- TASK PROMPT -
From the first line to the last, copy the listing exactly and omit the images.

- DATA SEGMENT -

-- Opening Marker --

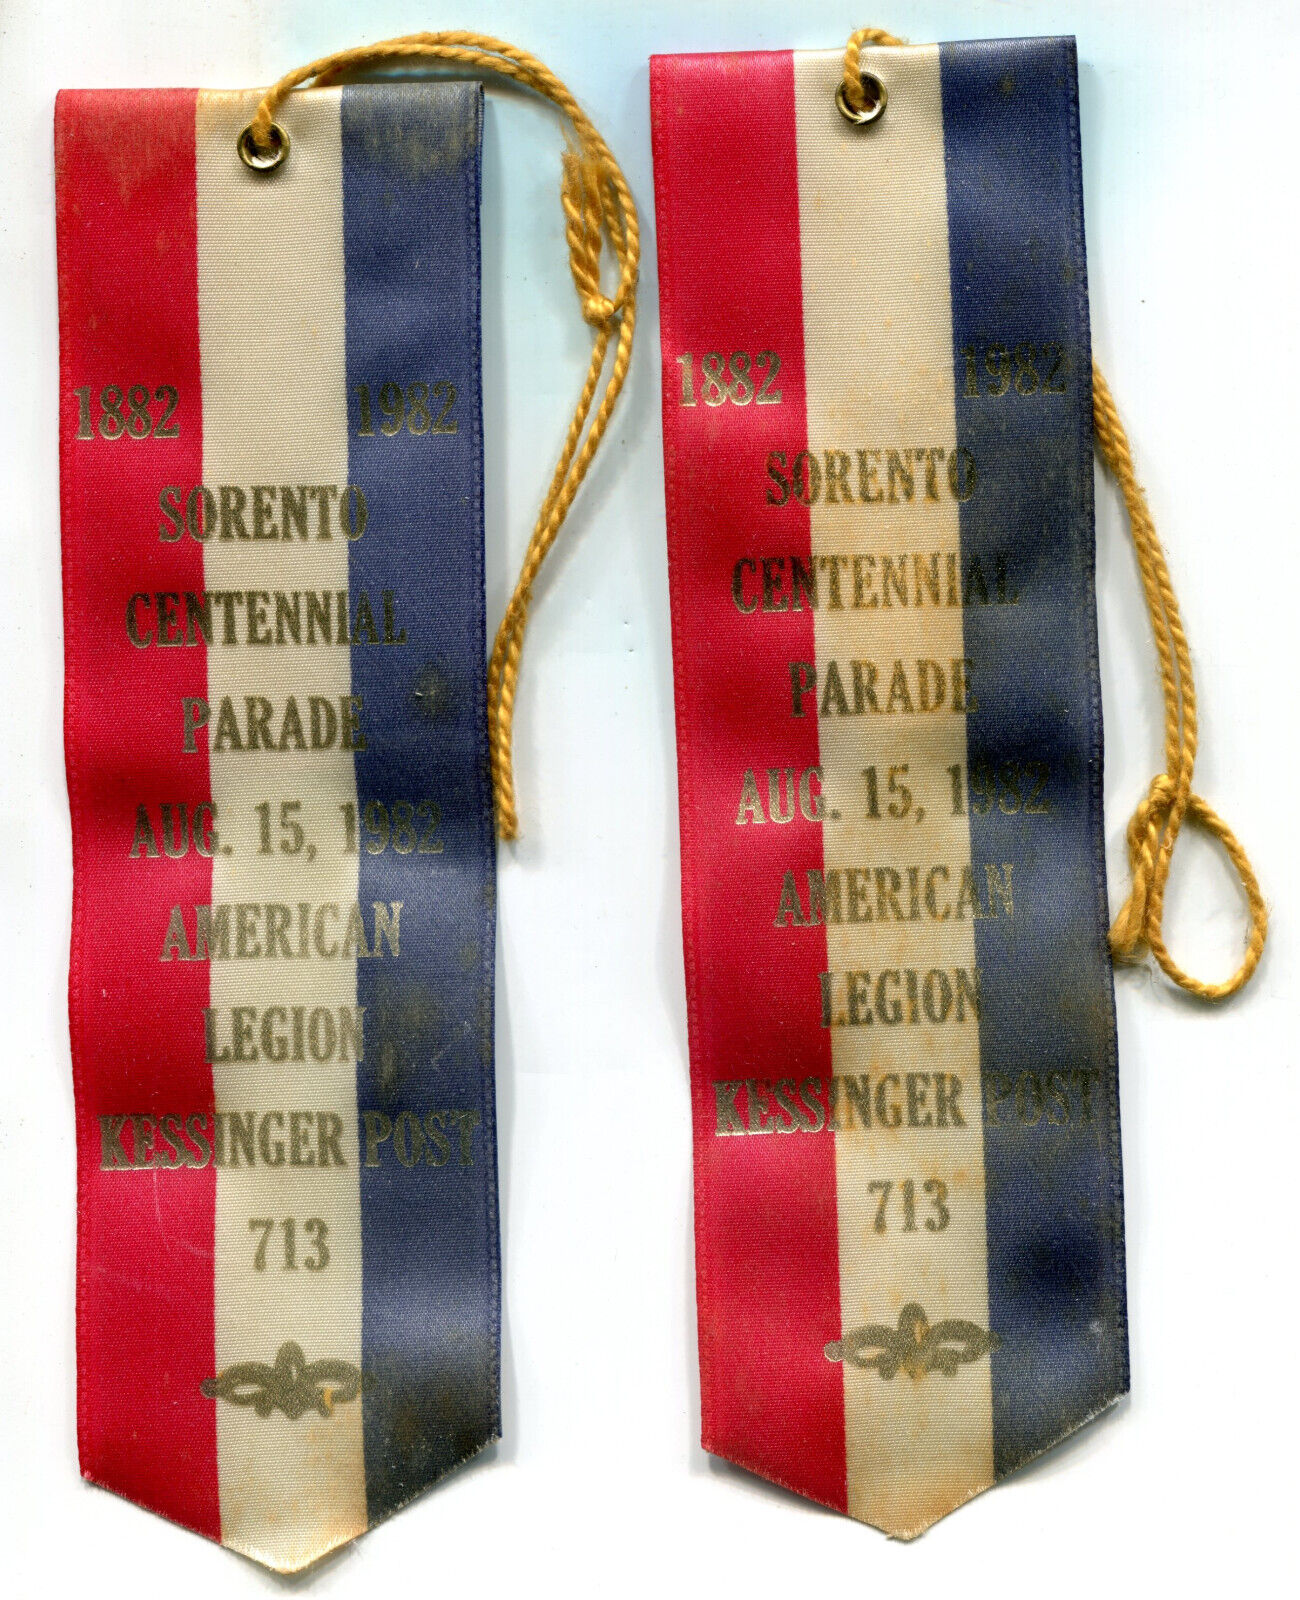 1882 1982 Sorento Illinois Centennial Parade, 2 Ribbon, American Legion Post 713
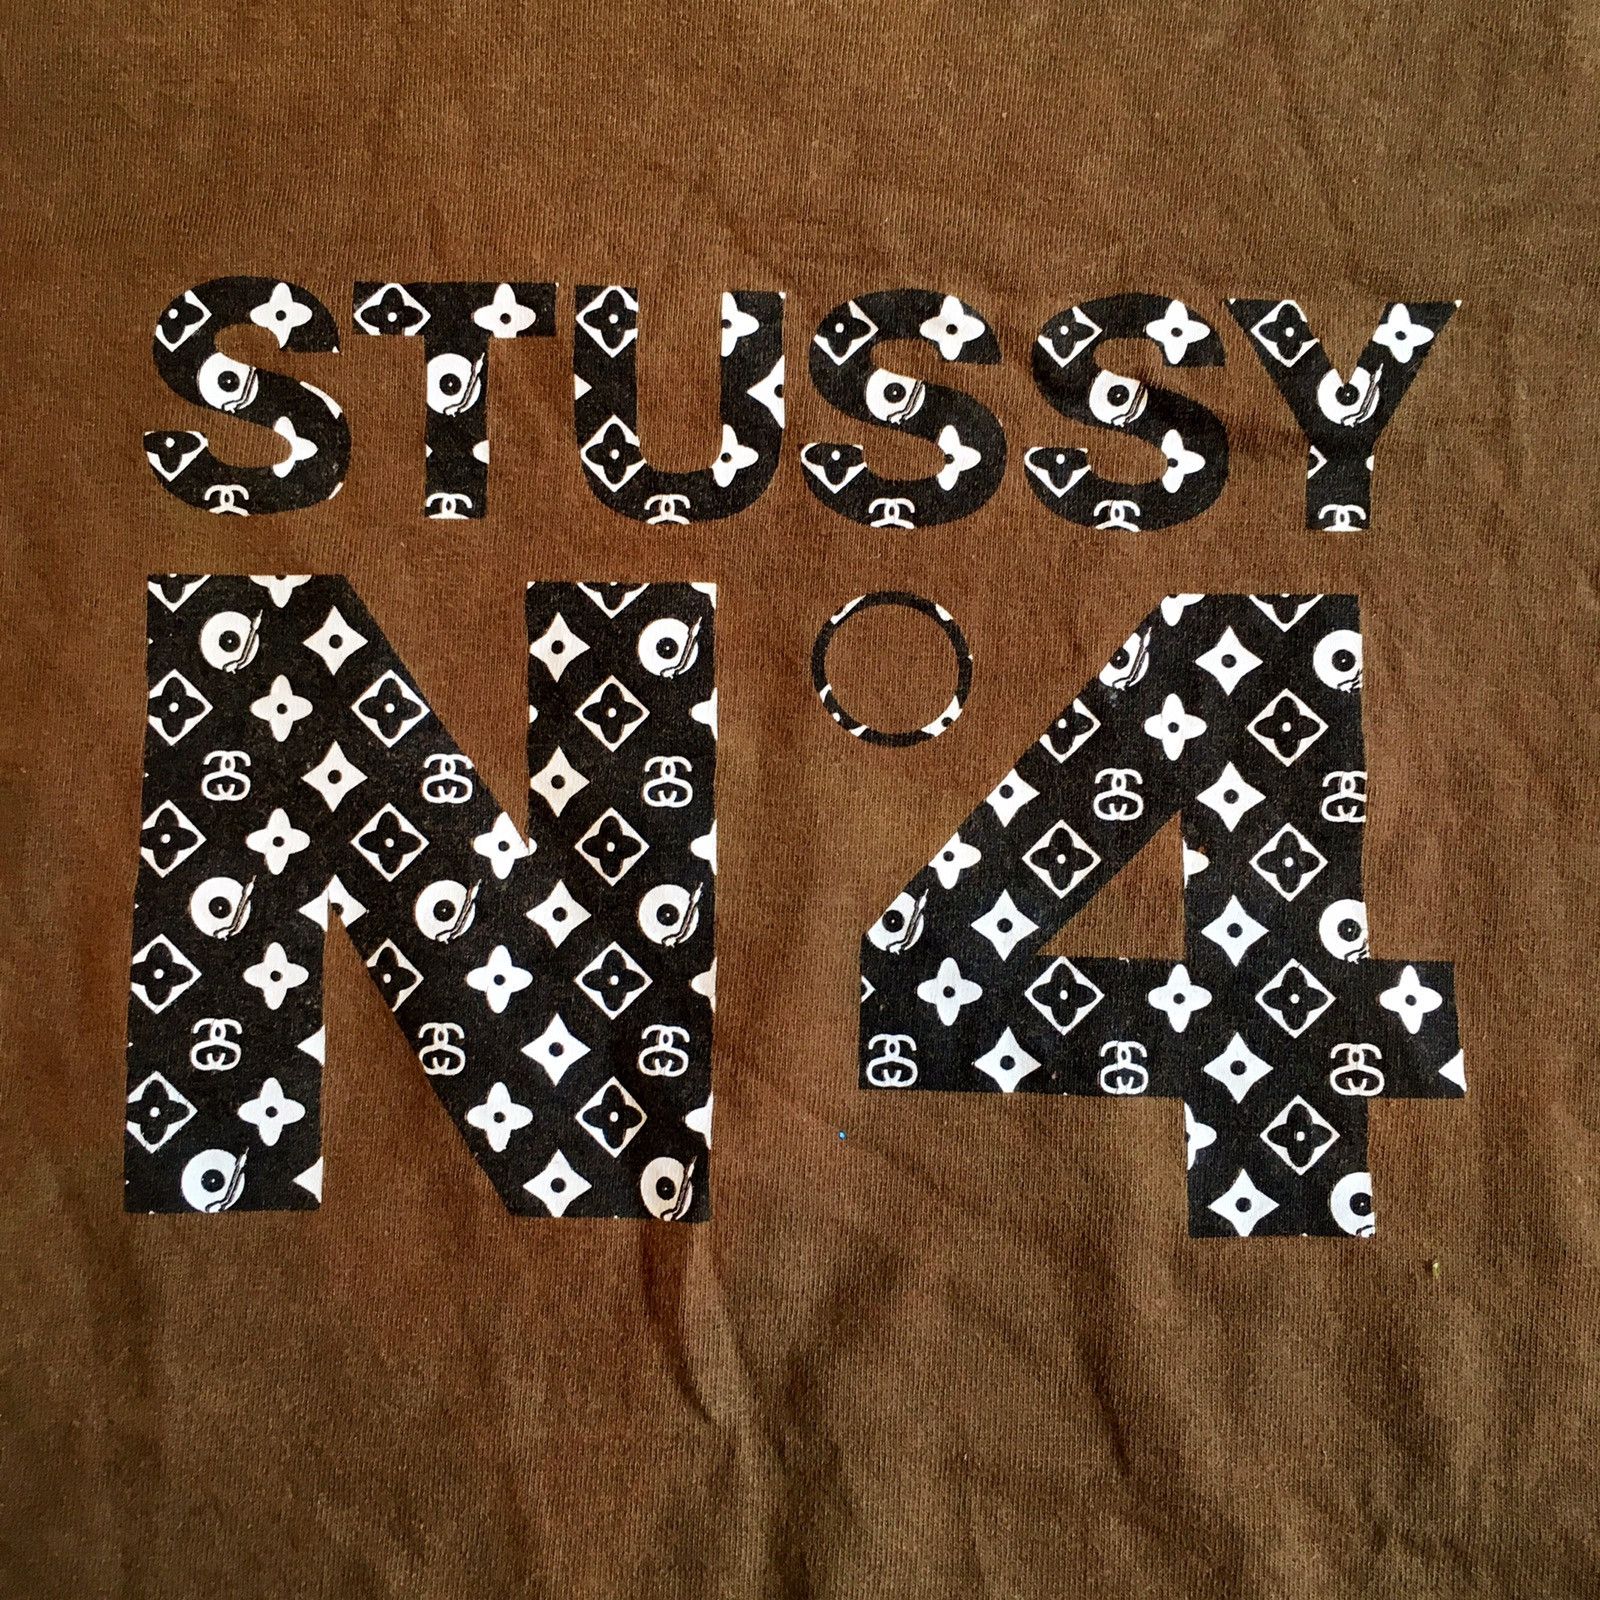 90's Stussy LV monogram crewneck sweatshirt (L)
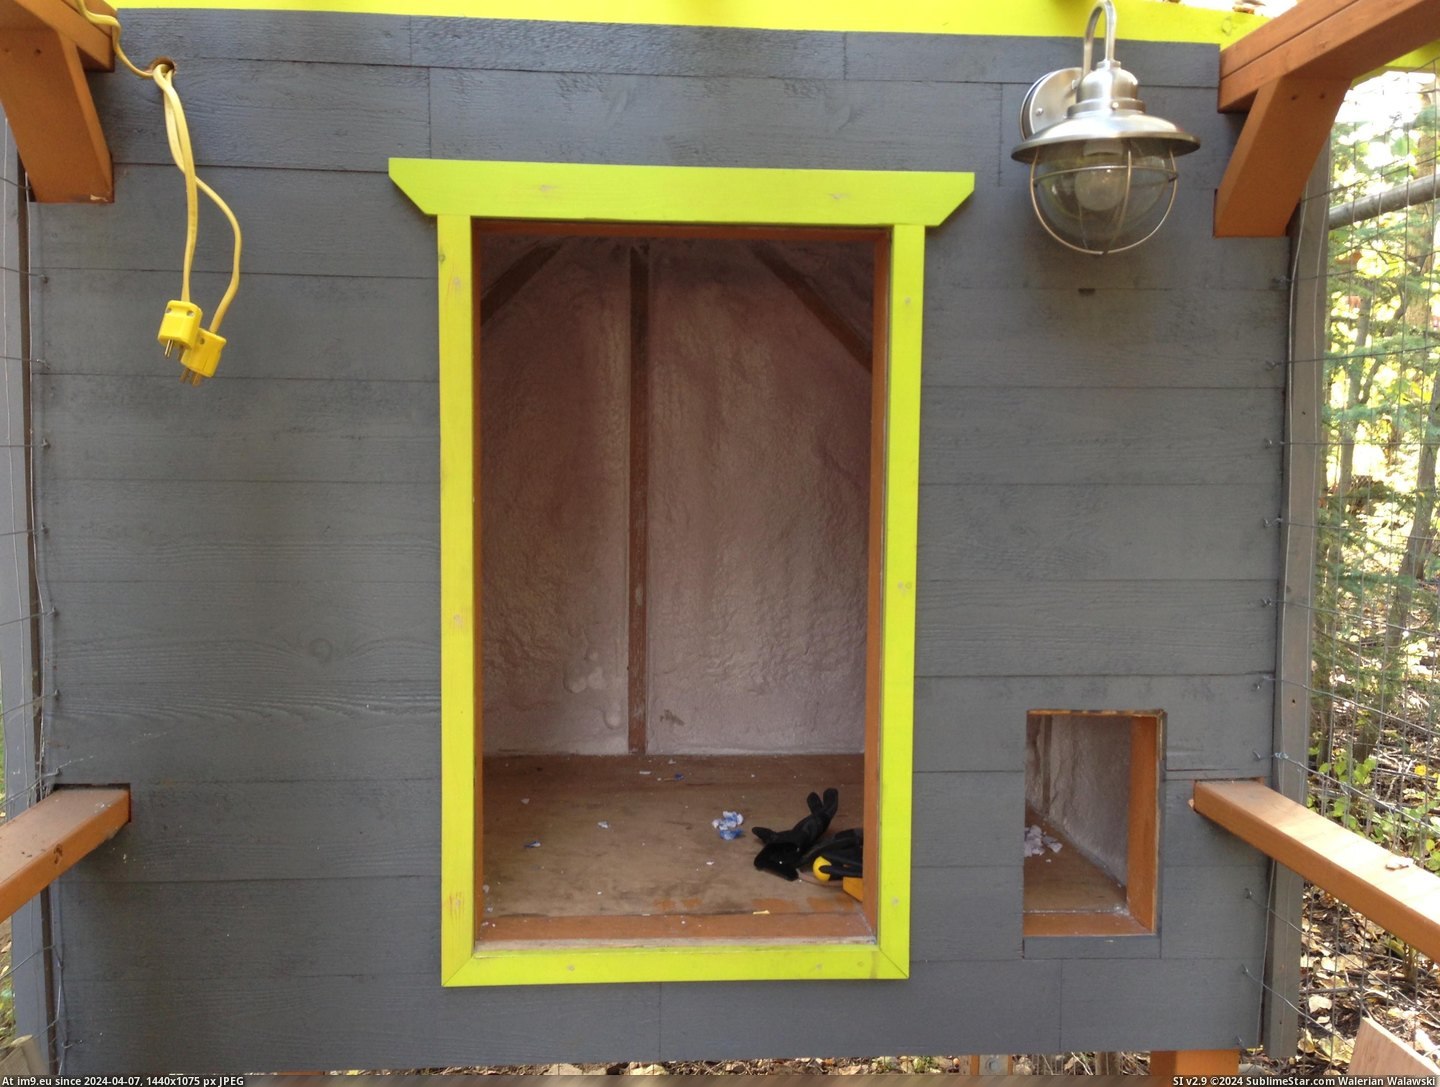 #Share #Thought #Chicken #Coop #Built #Alaska [Pics] I built a chicken coop at my home in Alaska and I thought I'd share 12 Pic. (Obraz z album My r/PICS favs))

-- Closing Marker --

- REPLY -
 1882 1982 Sorento Illinois Centennial Parade, 2 Ribbon, American Legion Post 713
 90's Stussy LV monogram crewneck sweatshirt (L)
 #Share #Thought #Chicken #Coop #Built #Alaska [Pics] I built a chicken coop at my home in Alaska and I thought I'd share 12 Pic. (Obraz z album My r/PICS favs))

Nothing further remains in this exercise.